To answer this requires an understanding of the epistemological foundations upon which different methods lie. Let me stack the deck a bit in favor of multiple methods being logically consistent with one another by stipulating at the outset that I’ll deal here only with positivist social science. No interpretivism, no post-modernism, not even any critical realism. So any incoherence between different methods does not stem from different epistemologies of truth values or beliefs about objective knowledge.
Within the positivist program, though, there are substantial differences in what it means to construct a causal explanation. The most thorough comparison of the different assumptions of different research traditions can be found in Mahoney and Goertz, “A Tale of Two Cultures: Contrasting Quantitative and Qualitative Research.” I find this article useful not because of how it groups different methodologies—I think that contrasting quantitative versus qualitative is a total red herring, but let’s stick with it for the purposes of this post—but because it does an excellent job summarizing different assumptions about what the goal of explanation is and what different theories of causality are. Their core point is that qualitative and quantitative methods can be seen as having different affinities with particular conceptualization of causality and explanation.
Now this is not to say that one cannot imagine research projects that combine quantitative and qualitative methods effectively. Lieberman’s vision of how the two can be integrated in one is one possibility, and I like to think of Ben Smith‘s Hard Times in the Land of Plenty as one particularly good example of this kind of nested analysis at work. But this type of work rests on the assumption that given a quantitative finding (in these cases, cross-national in nature) it is possible to then select a case and learn about whether the hypothesized causal mechanism is working or not. And I have been particularly convinced by this piece by Gelman and Imbens that the Rubin causal model really does imply that it is impossible to know causes of effects in a particular case.
This line of reasoning implies that integrating different methodologies ought to be a hard epistemological problem, if we really do care both about the Rubin causal model and the value of case studies. Read in the strongest terms, it would imply that no qualitative case study could ever confirm or disconfirm a quantitative result. The same is true in reverse; no cross-case quantitative test would ever confirm or disconfirm the findings from particular cases. I sometimes think about this with respect to the case studies and how they relate to the cross-national “tests” in my dissertation.

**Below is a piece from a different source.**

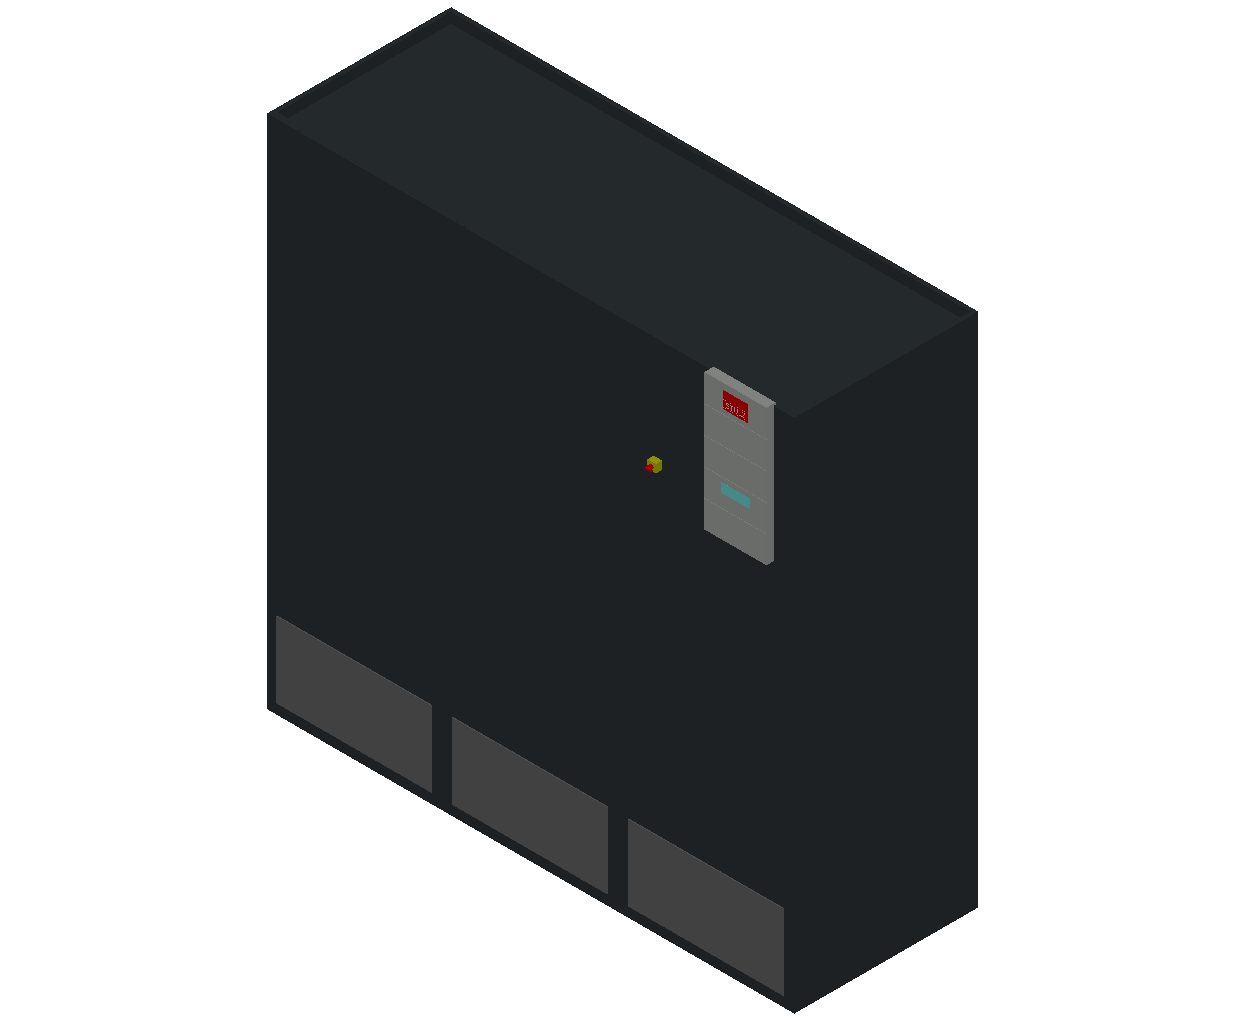 HC_Air Conditioner_Indoor Unit_MEPcontent_STULZ_CyberAir 3PRO_ASR_Dual Circuit A_ASR_822_A_INT-EN.dwg
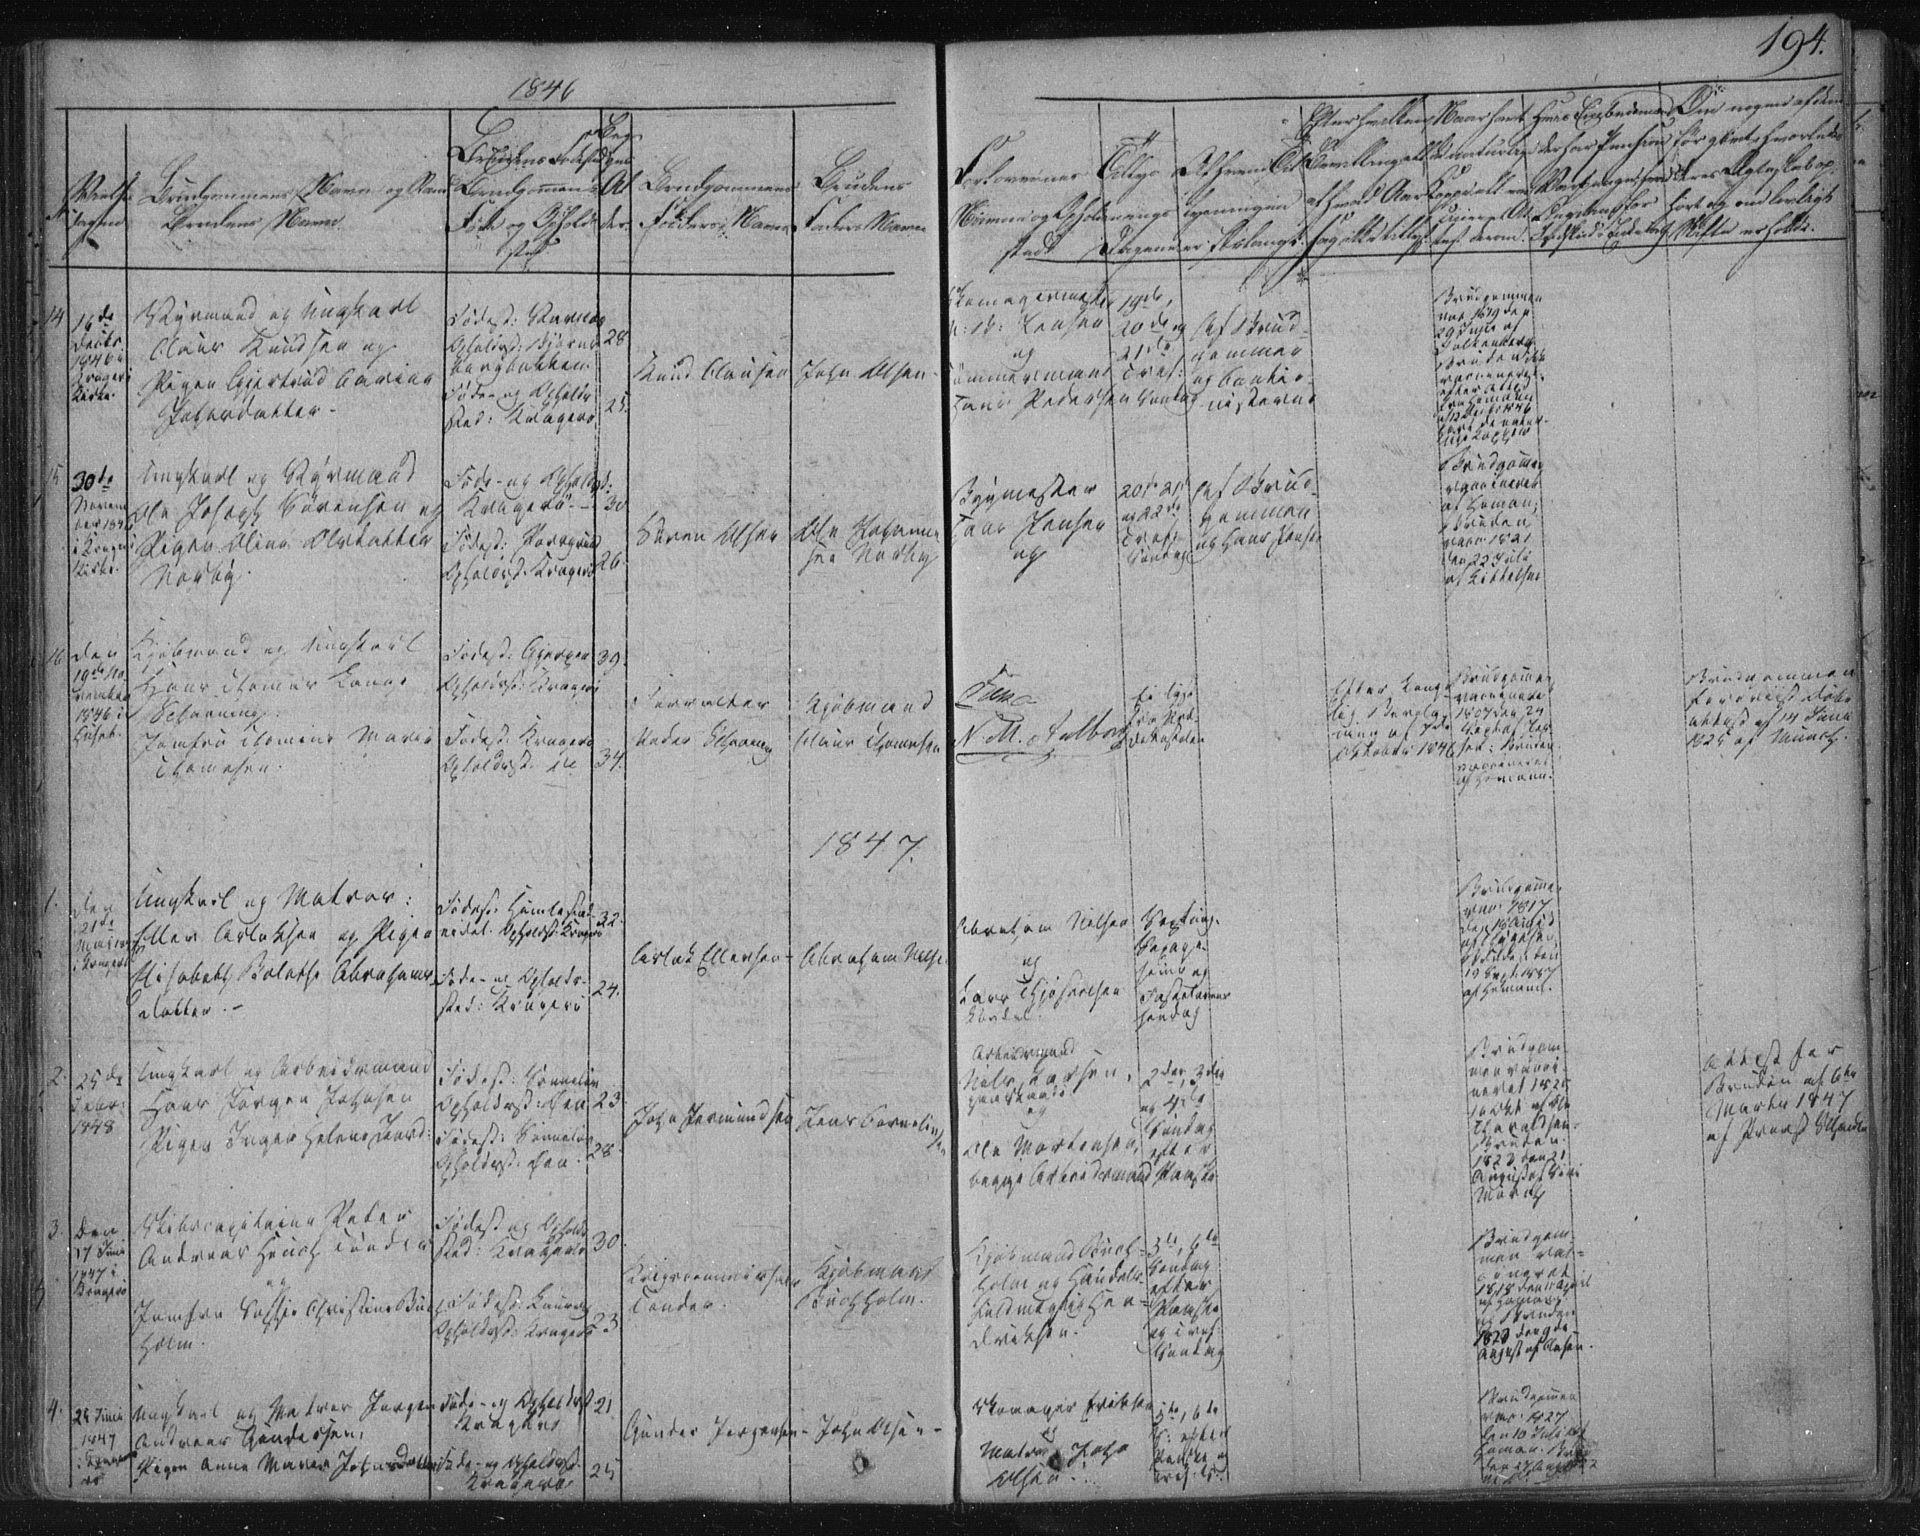 SAKO, Kragerø kirkebøker, F/Fa/L0005: Ministerialbok nr. 5, 1832-1847, s. 194

If you’ve followed me this far, then perhaps I’ve convinced you that even if we value multiple methods, it is not clear that combining them would always result in a coherent exercise. I’ll close, then, just by some conclusions from Mahoney and Goertz.
Given the different assumptions and research goals underlying the two traditions, it necessarily follows that what is good advice and good practice in statistical research might be bad advice and bad practice in qualitative research and vice versa. In this framework, it is not helpful to condemn research practices without taking into consideration basic research goals.
Misunderstandings across the two traditions are not inevitable. Insofar as scholars are conversant in the language of the other tradition and interested in exploring a peaceful and respectful dialogue, they can productively communicate with one another.
And I can’t resist this old tweet, inspired by my making a version of this argument in our comparative methods course.
@TomPepinsky – inspired by today's class #polsci #methods pic.twitter.com/XUYJ8NVo
— Germane Riposte (@NuisanceValue) March 8, 2012
Dwayne Woods October 24, 2015
Good to see recycling taking place. Ariel Ahram and Chatterjee made a similar argument against mixed methods, I believe, in the same outlet. From my own experience, Leaving the epistemology/ontology aside, it is hard to master a skill set in one methodology. Graduate students trying to do it in several have, in my experience, come up woefully short in all of them!